Levice (Slovak pronunciation: [ˈleʋitse] ; Hungarian: Léva, Hungarian pronunciation: [ˈleːvɒ]; German: Lewenz) is a town in western Slovakia. The town lies on the left bank of the lower Hron river. The Old Slavic name of the town was Leva, which means "the Left One".

The town is located in the north-eastern corner of the Danubian Lowland, 110 kilometres (68 miles) east of Bratislava, 40 kilometres (25 miles) south-east of Nitra, 32 kilometres (20 miles) south-west of Banská Štiavnica, 55 kilometres (34 miles) south-west of Zvolen and 25 kilometres (16 miles) from the border with Hungary.

It is the seat of the Levice District, which is the largest district in Slovakia at 1,551 square kilometres (599 square miles). The town's heraldic animal is lion (Slovak: lev), and the town's colours are green and yellow.

Levice is first mentioned as Leua, one of the villages belonging to the parish of St. Martin's Church in Bratka (Hungarian: Baratka) in 1156. It was part of the comitatus Tekov (Bars).

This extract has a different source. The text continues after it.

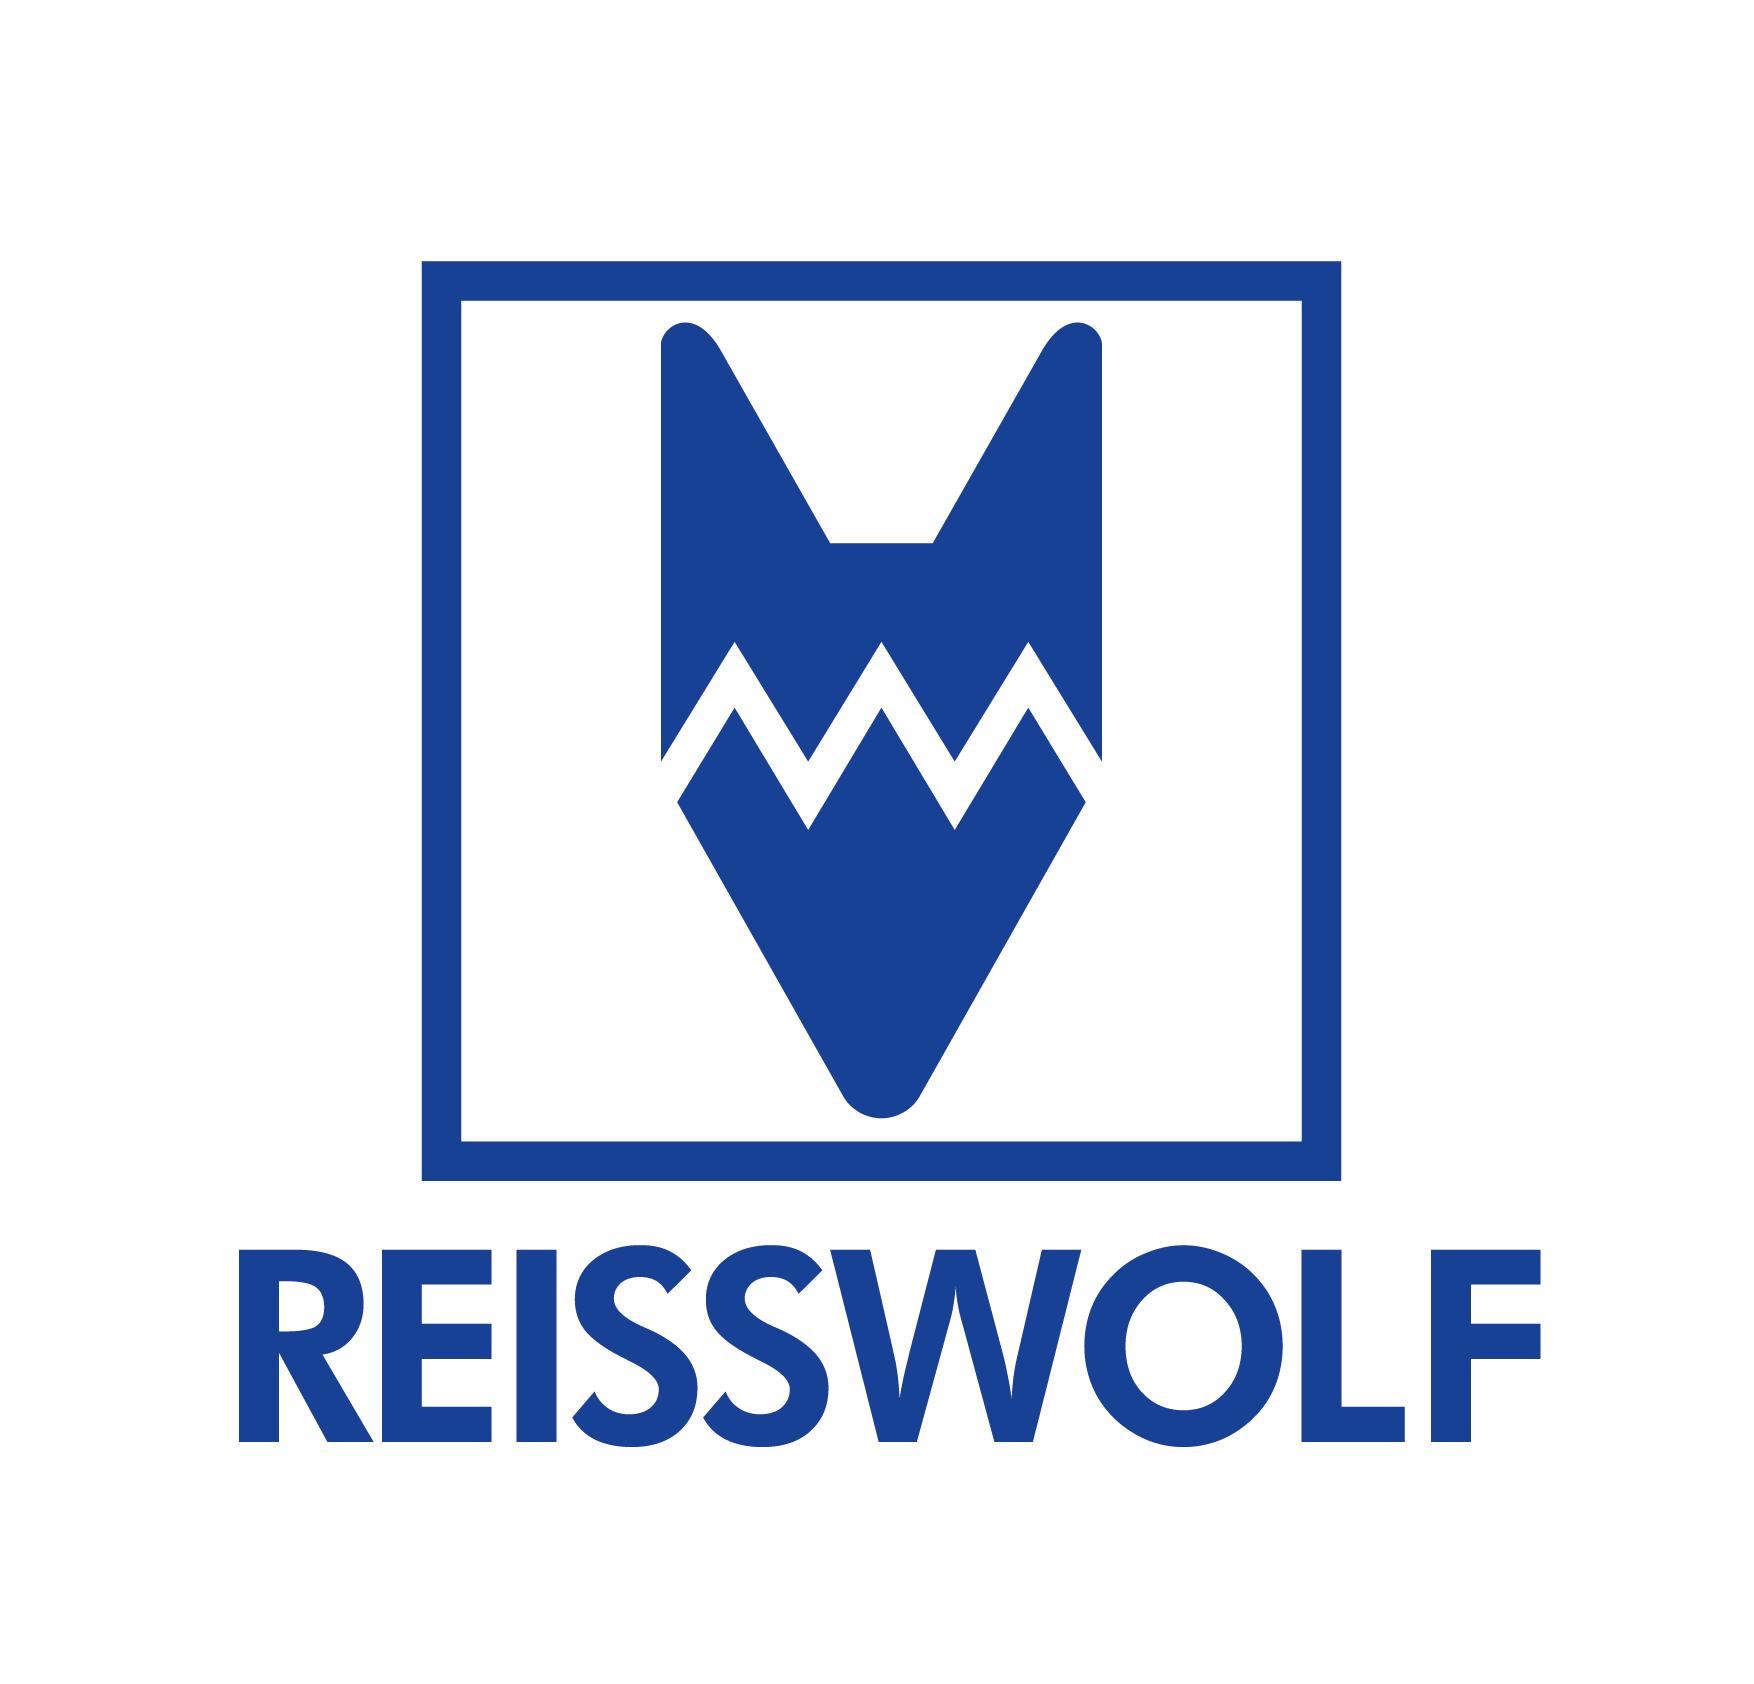 REISSWOLF

First attacked by the Turks in 1544, the town was set on fire while the castle was left unharmed. Between 1581 and 1589, the settlement was the seat of the Captaincy of Lower Hungary. The town was captured by the Turks in 1663 but recaptured only a year later by the Imperial Army led by General de Souches in the Battle of Levice, which took place beneath the town's castle.

During the anti-Habsburg revolution of 1709, the fort was blown up by kuruces. After the break-up of Austria-Hungary, the town became part of Czechoslovakia according to demarcation lines drawn by Entente forces in late 1918, with Czechoslovak troops reaching the city in January 1919 and Hungary giving up claim over it in 1920 by signing the Trianon treaty. As part of the breakup of Czechoslovakia under the Munich Agreement in World War II, the town again belonged to Hungary from 1938 to 1945. At the end of the Second World War it was returned to the restored Czechoslovakia. In 1993 it became part of present-day Slovakia.

It was the hometown of Hungarian-American Eugene Fodor (1905–1991), the founder of Fodor's travel book company.